Re-taking Melbourne From Smellbourne

Like in most cities across the globe, Melbourne takes its sewage system for granted and notice it only when something goes wrong. Today, drainage contractors and city engineers work with one of the most modern sewage systems in the world, but sewerage wasn’t always a priority.


Early settlers first discovered gold in Melbourne in 1851. This triggered a gold rush that turned the city into one of the richest in the world. The prosperous economy inflated the population of Melbourne to about half a million people during the 1880s. But, like many cities on a quick rise, it had to deal with the problem of pollution – a problem that grew worse for every citizen each passing year.

Back then, people would simply dump waste material from their kitchens, laundries, and baths, along with the contents of their chamber pots, down open drains that flowed into the rivers and creeks. The Yarra River, in those days, was essentially an open sewer. Chamber pots and thunderboxes were only emptied once a week by a night man, an interval that made every home smell like a toilet. The stench was such a pronounced problem that British journalists dubbed the city ‘Smellbourne’.

The System

In 1888, the authorities of Melbourne carried out a Royal Commission ordering the construction of a sewerage system. This system, built underground, connected every home to the sewage treatment farm via a series of pipes.

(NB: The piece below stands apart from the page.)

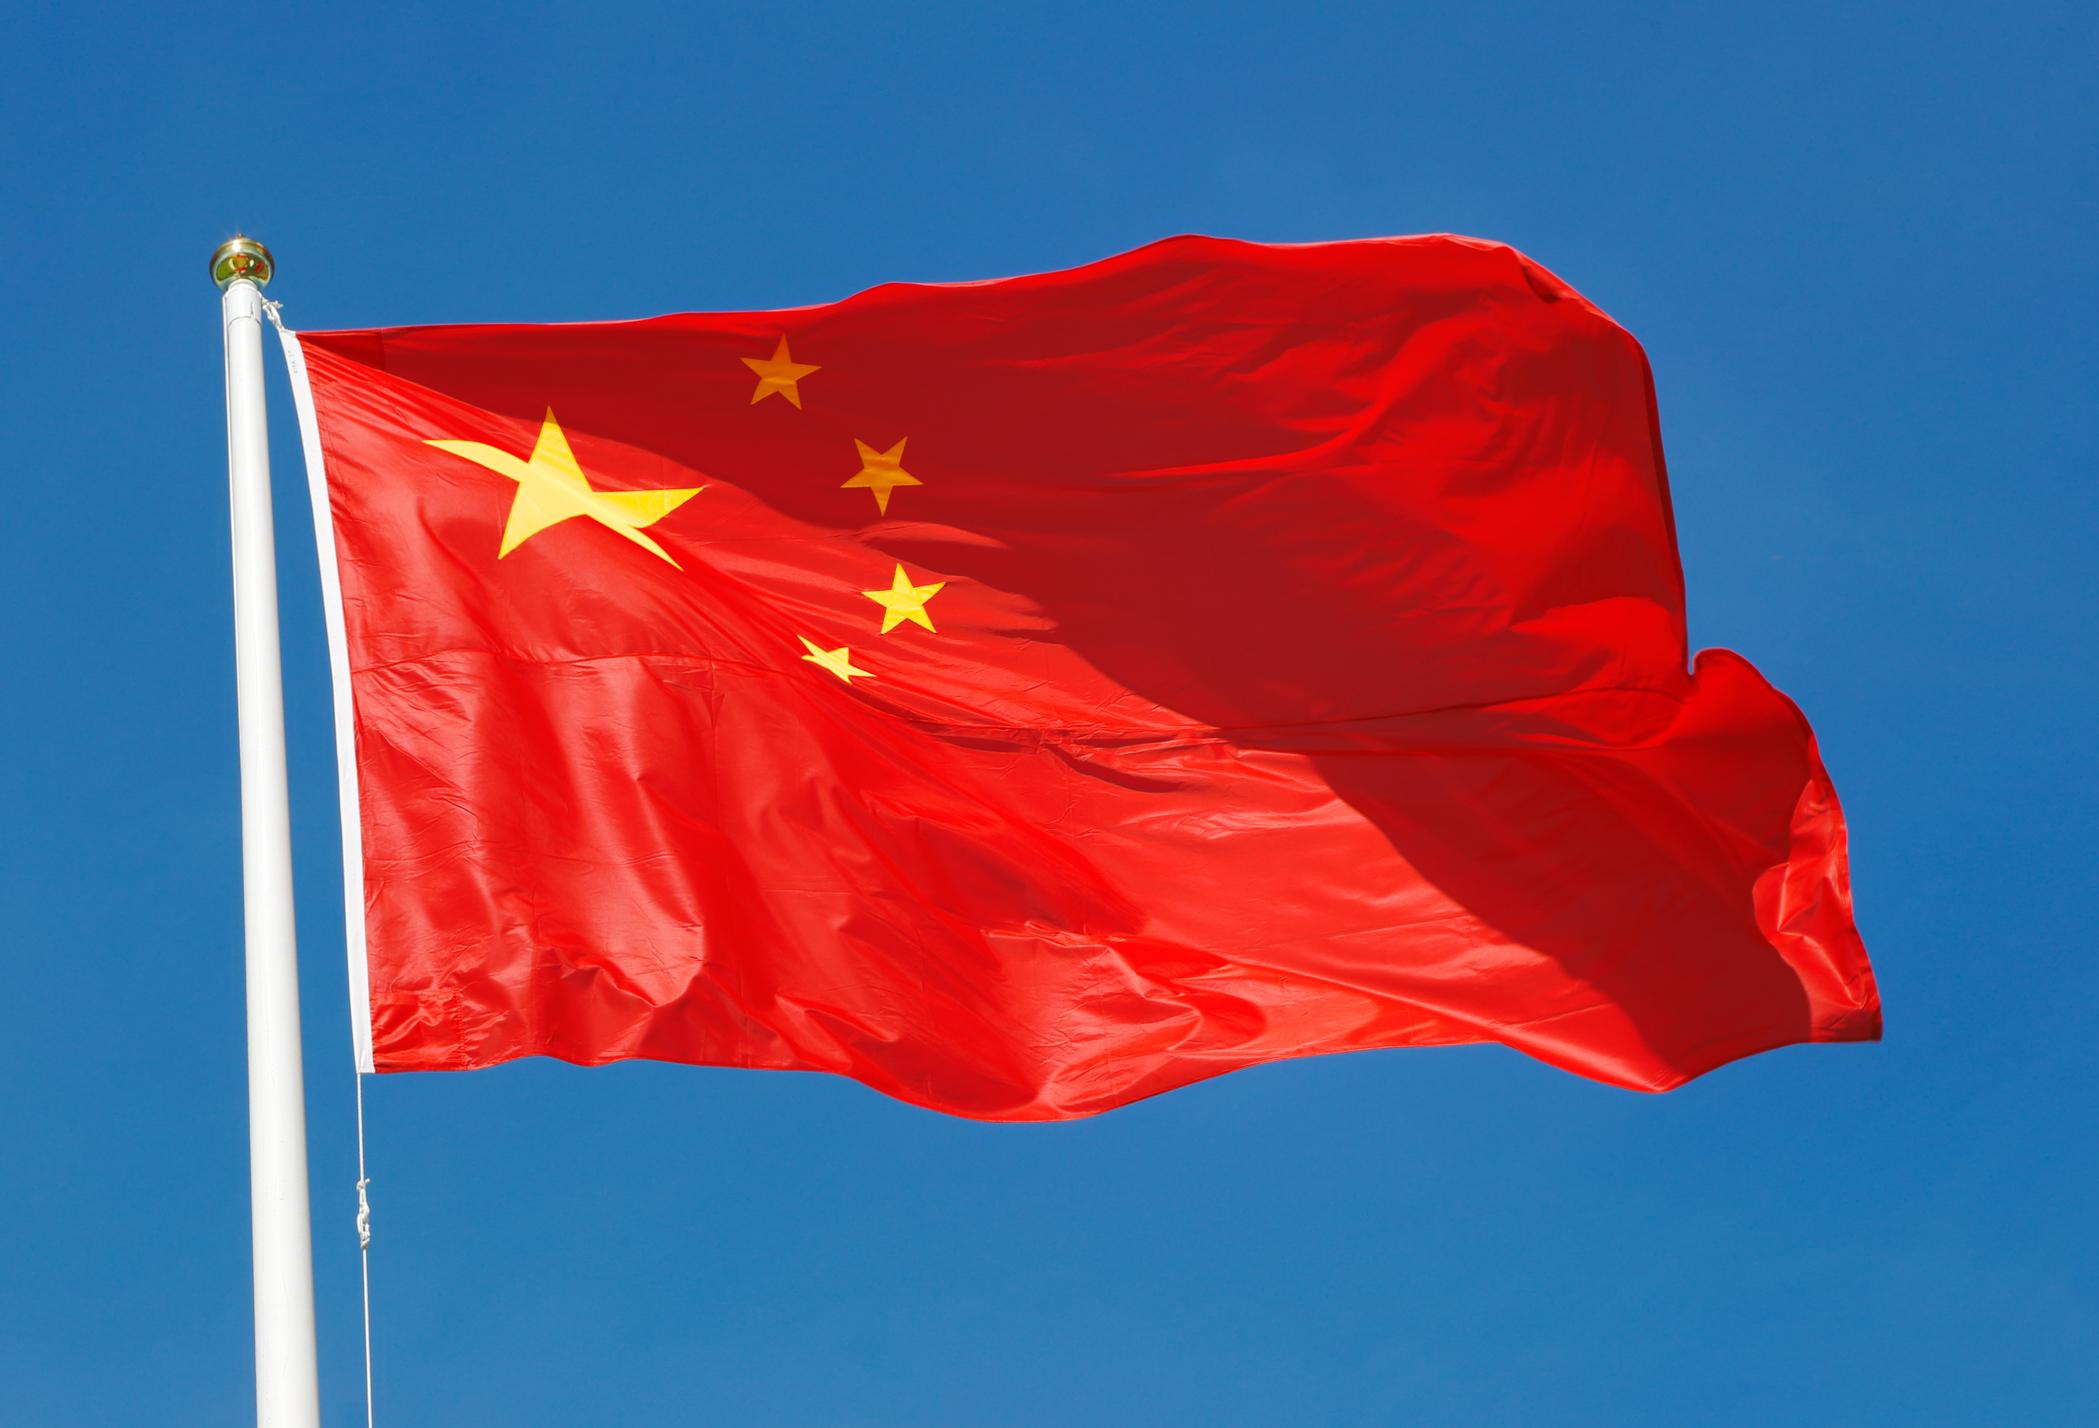 Report: China Indicates It Would Accept a U.S. Shutdown of TikTok – Motley Fool

In 1889, the government commissioned an English engineer named James Mansergh to draw the plans for the new sewerage system. Authorities formed the Melbourne and Metropolitan Board of Works (MMBW) to take responsibility for the water supply and treatment of the sewage, in 1891.

William Thwaites, MMBW’s first engineer-in-chief modified Mansergh’s plans, and began construction on Melbourne’s sewerage system in May 1892. The treatment facility went up in Werribee, and a pump station accompanied it in Spotswood. The Spotswood site has since been replaced by the Scienceworks Museum.

The first Melbourne homes connected to the system in 1897. Today, even though many modifications were applied to the system, drainage contractors still use some of the first plans to map out the pipe landscape of the general area before they start their work.